Top Jordanian politician: We hope Israel’s elections mark the end of Netanyahu

Faisal al-Fayez, speaker of the Senate and a former prime minister, says his nation wants to see Gantz make peace efforts if he becomes Israel’s next leader

Adam Rasgon is the Palestinian affairs reporter at The Times of Israel

Jordanian Senate Speaker Faisal al-Fayez on the sidelines of the World Economic Forum at the Dead Sea on March 6, 2019. (Adam Rasgon/Times of Israel)
Jordanian Senate Speaker Faisal al-Fayez on the sidelines of the World Economic Forum at the Dead Sea on March 6, 2019. (Adam Rasgon/Times of Israel)

DEAD SEA, Jordan — A senior Jordanian politician has said Jordan hopes Israel’s national elections will produce a new government headed by someone other than Prime Minister Benjamin Netanyahu.

Jordan is one of two Arab countries to maintain formal diplomatic relations with Israel.

“Jordan hopes that after these elections, there will be a government led by someone other than Netanyahu, who knows that the only solution to the Palestinian issue is the establishment of a Palestinian state with Jerusalem as its capital,” Jordanian Senate Speaker Faisal al-Fayez told The Times of Israel over the weekend, on the margins of the World Economic Forum at the Dead Sea in Jordan.

“Netanyahu’s position on the Palestinian issue is known. He is not looking to resolve it and I worry that he may want to annex the West Bank in the future.”

The Senate is the upper house of the Jordanian parliament, which proposes and approves legislation. The king appoints its speaker and members.

Jordanian King Abdullah has not made public comments about Israel’s upcoming elections.

Asked about Benny Gantz, Blue and White’s top candidate and Netanyahu’s main challenger, Fayez, who has previously served as Jordanian prime minister and defense minister, said: “We in Jordan wish that if he becomes prime minister, he will be less extreme than Netanyahu and will make efforts to advance peace.”

Prime Minister Benjamin Netanyahu, left, and Benny Gantz, right. (Hadas Parush/Tomer Neuberg/Flash90)
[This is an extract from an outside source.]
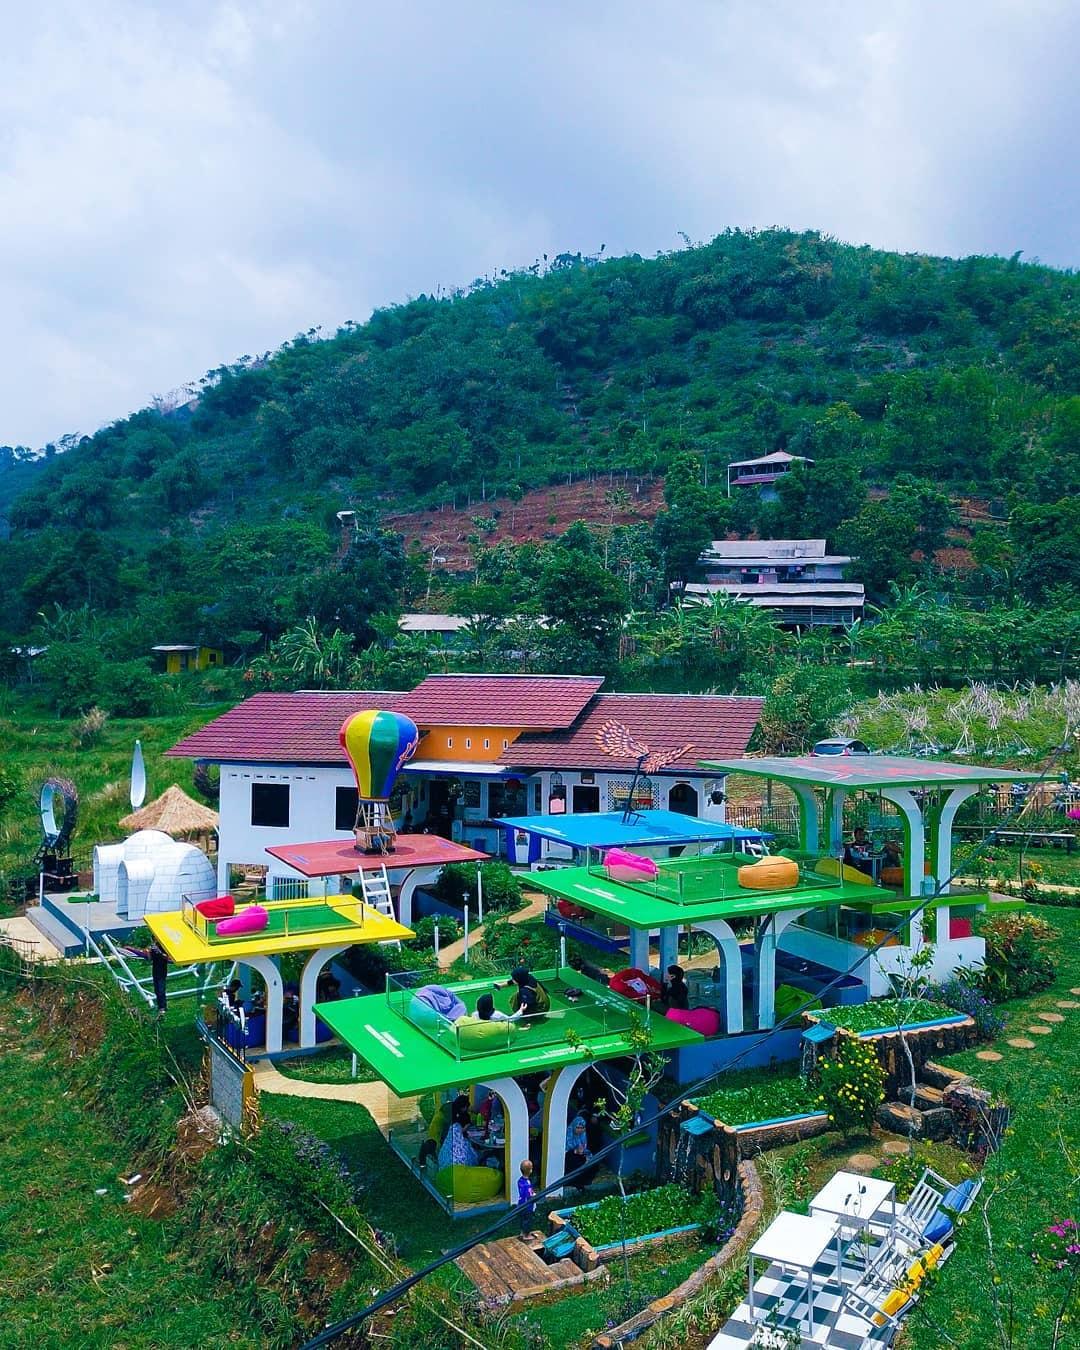 Mendaki Kopi Cafe Gunung Salak Bogor

The latest polls indicate that Netanyahu’s Likud party will likely be best placed to lead the next government. But the prime minister has said in recent days that the Israeli right was in danger of losing its grip on power following the elections. In a video posted to social media, the premier called on voters to “come back home to Likud,” warning that the Blue and White party could “break the right-wing bloc.”

Gantz, a former IDF chief of staff, has said he believes he will become Israel’s next prime minister. While Gantz has said that Israel should “strive for peace” with the Palestinians, he has not endorsed the establishment of a Palestinian state.

The Senate speaker also said he thinks personal ties between Jordanians and Israelis will remain almost nonexistent without a resolution to the Israeli-Palestinian conflict.

“We have a peace treaty with Israel and there are official ties,” he said. “But on the popular level, interaction between Jordanians and Israelis is almost zero. The only way this can change is if Israel gives the Palestinian people their rights including to a sovereign, livable and independent state.”

While Israel and Jordan signed a peace deal in 1994 and their governments cooperate on security, economic and other issue, contact between Jordanians and Israelis has continued to be very limited.